1) 4 more homers, 10 more RBI, and 99 more plate appearances from James Loney. It’s probably unlikely, because Loney has yet to hit more than 3 homers in a month or have less than 12 RBI (other than April), but it’s worth rooting for. If Loney can pull off those exact figures, he’ll put together a third straight season with exactly 651 PA, 13 HR, and 90 RBI. What would that mean, exactly? I don’t know. It’s not good production from a first baseman, that’s for sure. But it sure would be amazing to see.

2) Not trying to overwork Clayton Kershaw and Kenley Jansen in the name of finishing 6 games out rather than 9. Kershaw has thrown 176.1 innings this year, 5.1 more than last year. Jansen has thrown nearly 60 between the majors and minors thus far; he threw 11.1 last year in his first year on the mound. Sure, it’s nice that Kershaw leads the NL in strikeouts, but that’s hardly a just reason to wear him down. I’m not suggesting that either be shut down immediately, but nor should either be ridden hard for no particular gain, at a huge risk.

3) A farewell speech from Joe Torre. Torre may have been the right choice for the 2008 and 2009 Dodgers, talented teams with clubhouse issues coming off the fractious “vets vs. kids” wars of the Grady Little years. He hasn’t been the right man to lead the 2010 Dodgers, clearly, and he almost certainly won’t be the right choice for the 2011 team. Torre’s been in the game for 50 years, but he’s also a 70-year-old man who clearly has had more trouble relating to the younger set like Matt Kemp. (Not excusing Kemp here, but Torre isn’t helping.) We’ll get to the discussion of Don Mattingly vs. Tim Wallach vs. the field later, but first things first: it’s time to move on, Joe. I can’t imagine any decision would disappoint me more than hearing he wants to come back for another shot.
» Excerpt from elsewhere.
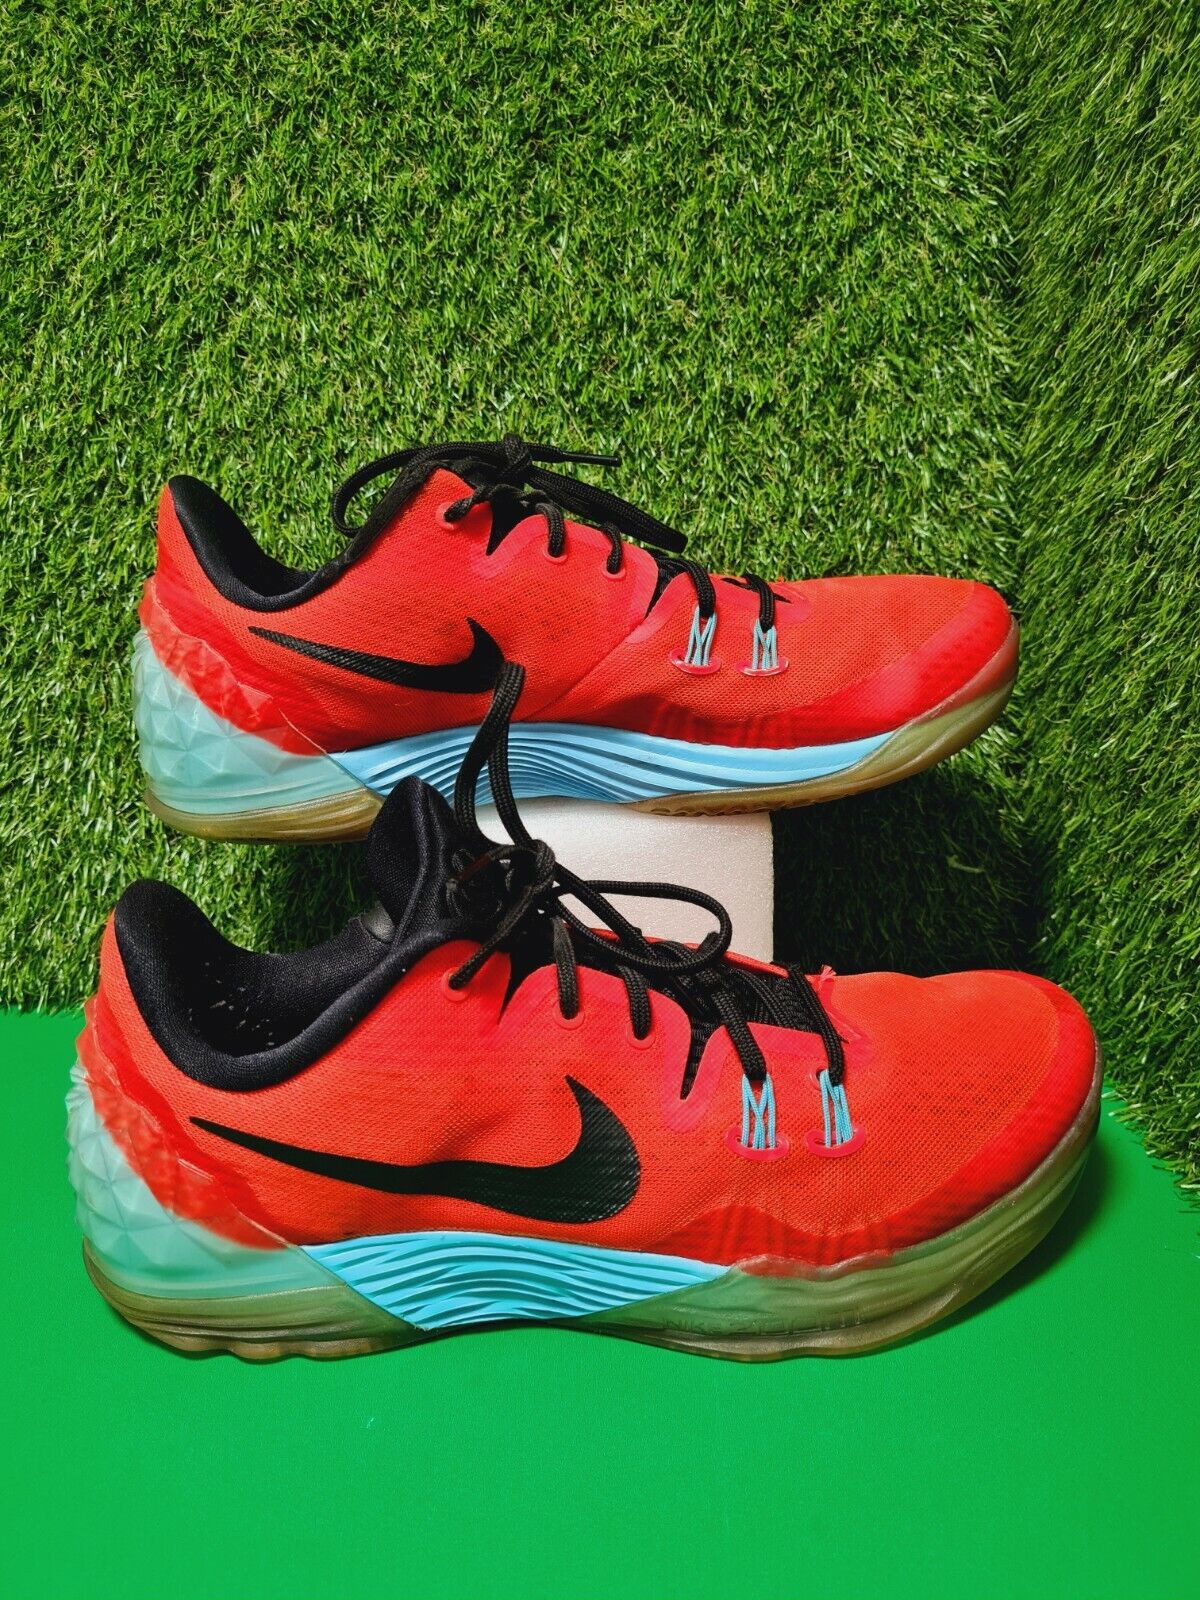 Size 9.5 - Nike Zoom Kobe Venomenon 5 Bright Crimson for sale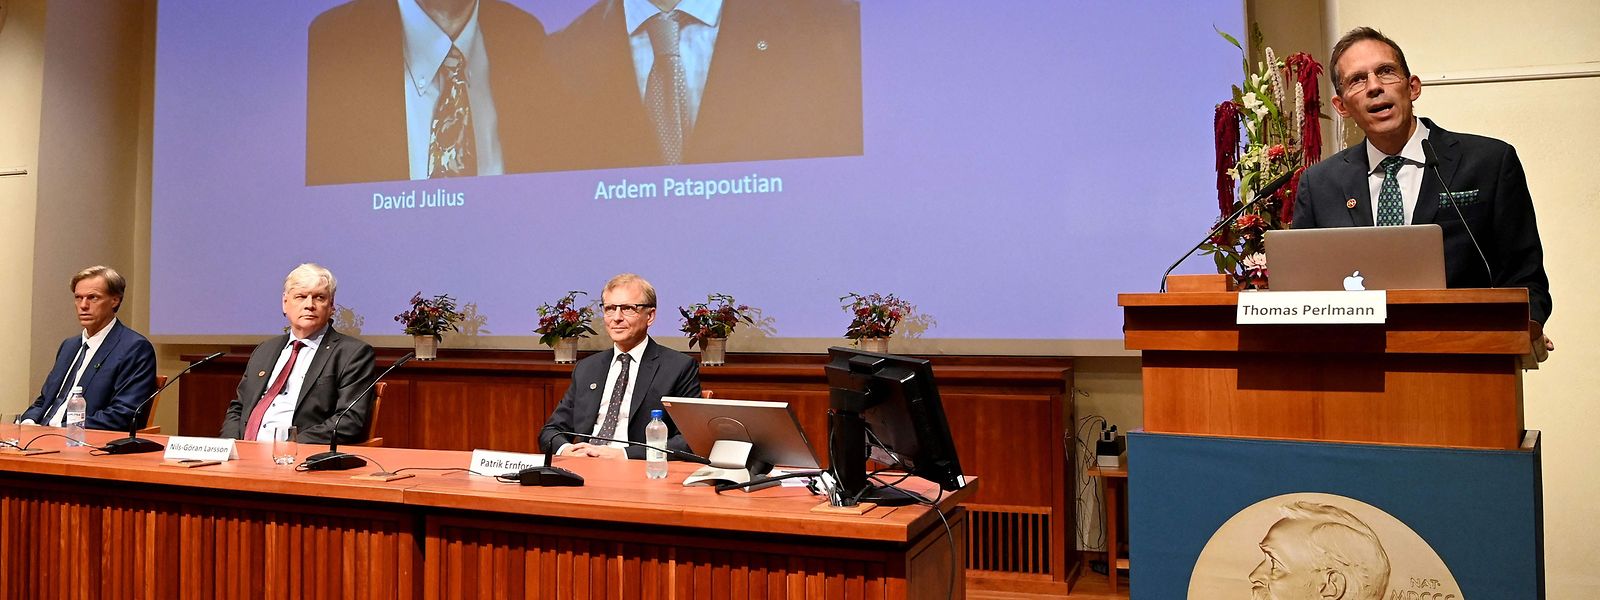 Thomas Perlmann(r.), der Selretär des Nobel-Komitees verkündete am Montag die diesjährigen Laureaten in der Sparte Medizin.

4) John Lindsey to finally get a chance. If you haven’t read Ramona Shelburne’s recent ESPN piece on Lindsay, it’s well worth it. Like Mitch Jones last year, Lindsey’s a good guy who has been kicking around the minors for years without ever getting a chance. But “being a good story” doesn’t get you to the big leagues; pummeling the ball does. Or should, at least.

Lindsey’s dominating the PCL, with 24 HR, 40 doubles, and a 1.065 OPS. While clearly the ABQ environment helps him (he’s hitting .400 at home), he’s not strictly a product of his home park, since he’s got 14 HR and a 1.006 OPS on the road. At 34 in January, Lindsey’s certainly never going to be an everyday player, but it’s clear that the Dodgers need power from somewhere. Nice story aside, now’s the time to find out if he can be a power bat off the bench next year, right?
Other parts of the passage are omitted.